##### Information provided #####

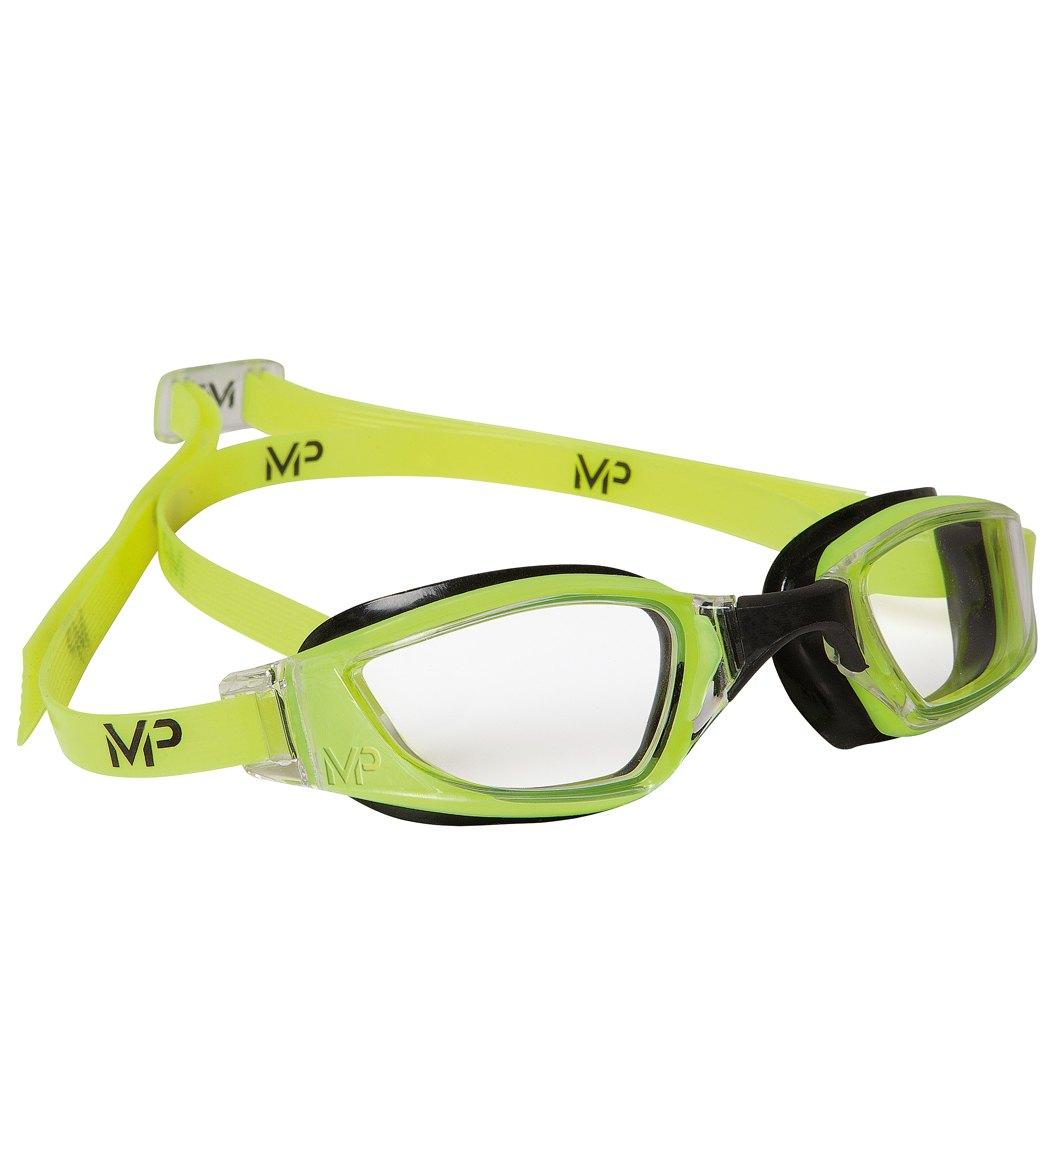 9e64fb8e0a MP Michael Phelps Mirrored Xceed Goggle  39.99. 4 Review Stars · remove  photo
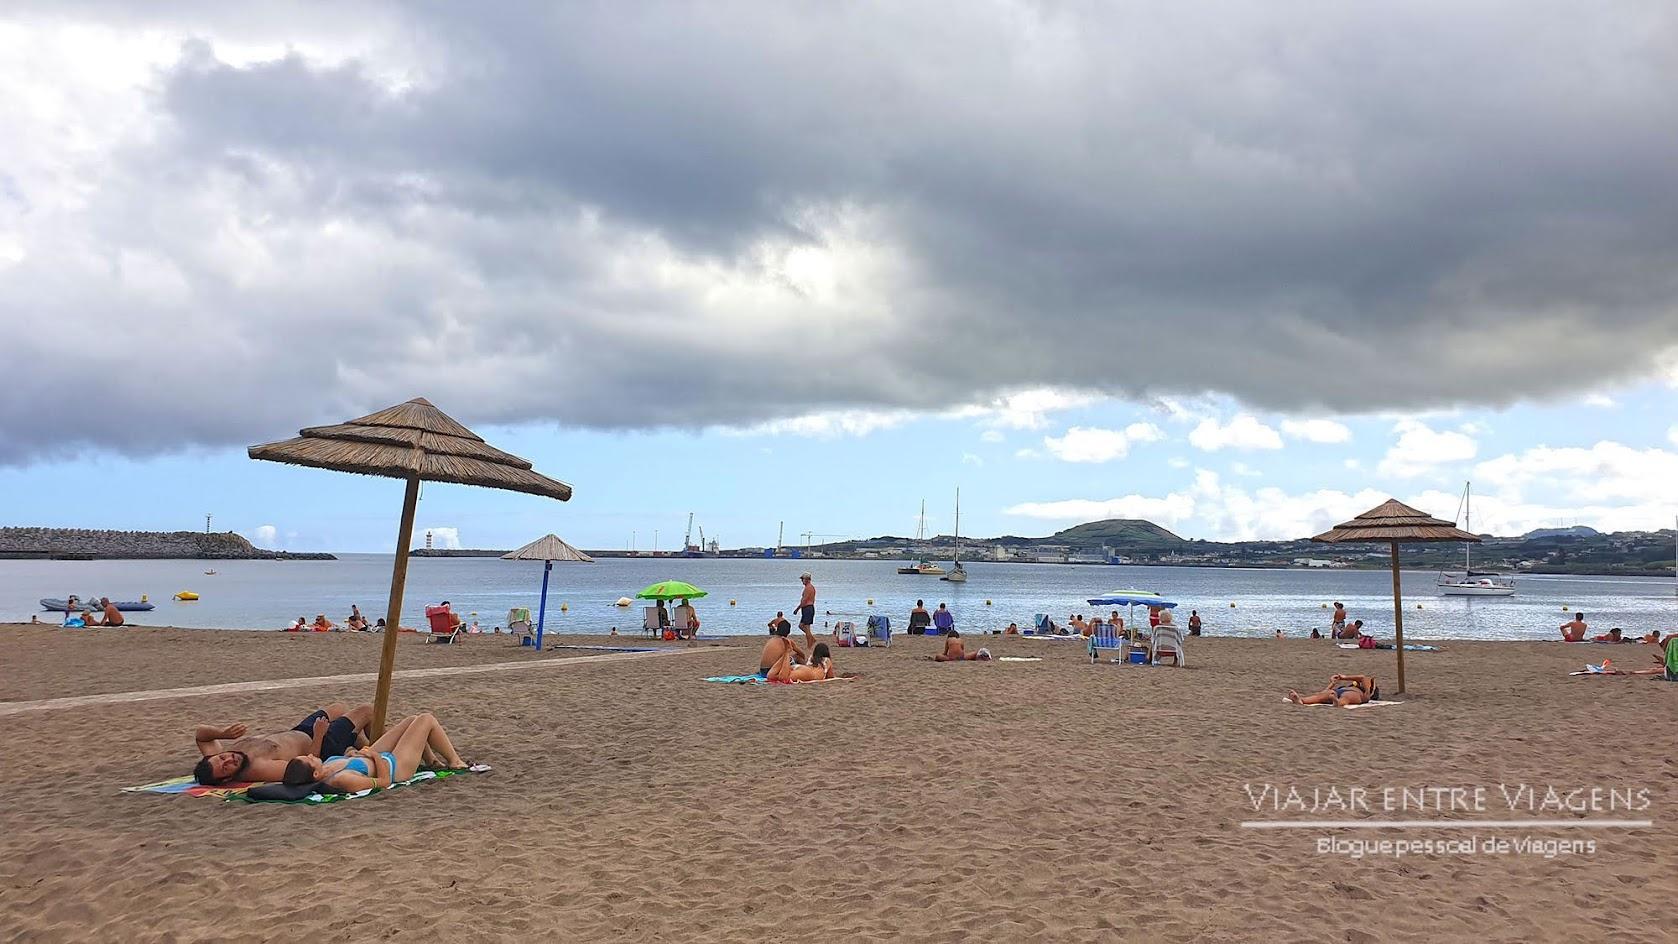 Experimentar o extenso areal na Praia da Vitória, na ilha Terceira
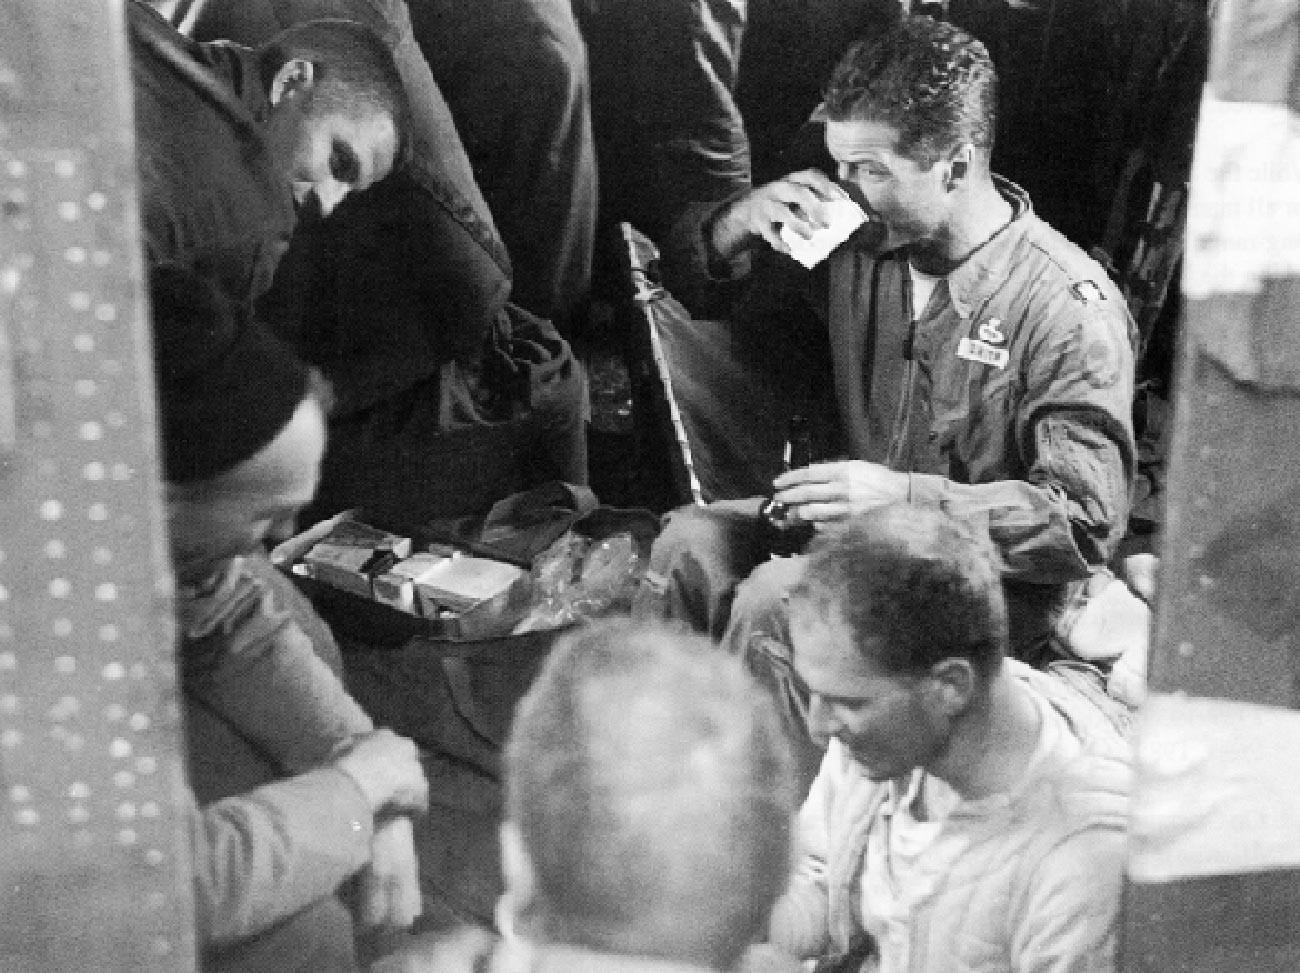 Major Smith on board Intermountain's B-17, 2 June 1962. Lieutenant LeShack is in the lower right corner.
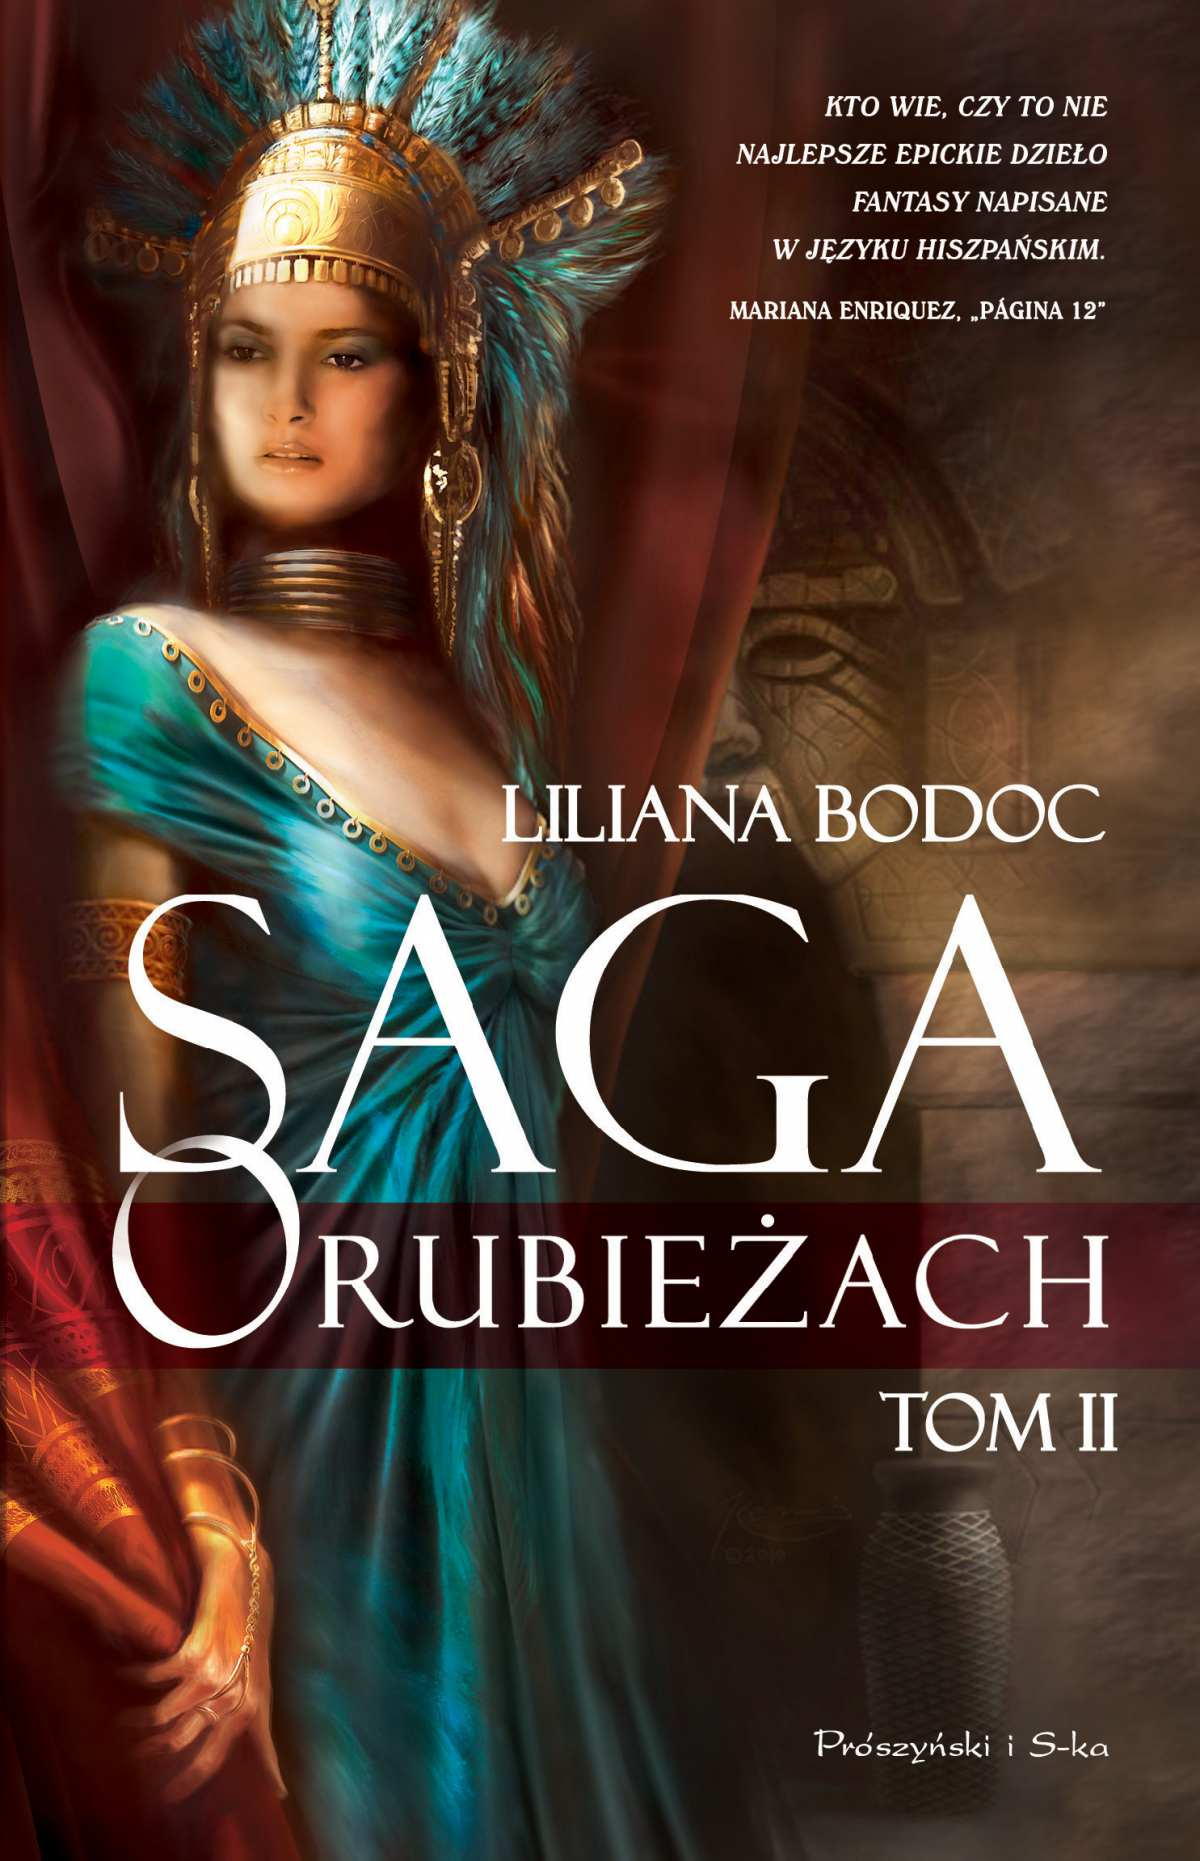 Saga o Rubieżach. Tom 2 - Ebook (Książka EPUB) do pobrania w formacie EPUB

#####

• Action item: With every picture omitted, write out the material exactly from its first line through the line containing "Experimentar o extenso".

• Result for this task:
 9e64fb8e0a MP Michael Phelps Mirrored Xceed Goggle  39.99. 4 Review Stars · remove  photo
 Experimentar o extenso areal na Praia da Vitória, na ilha Terceira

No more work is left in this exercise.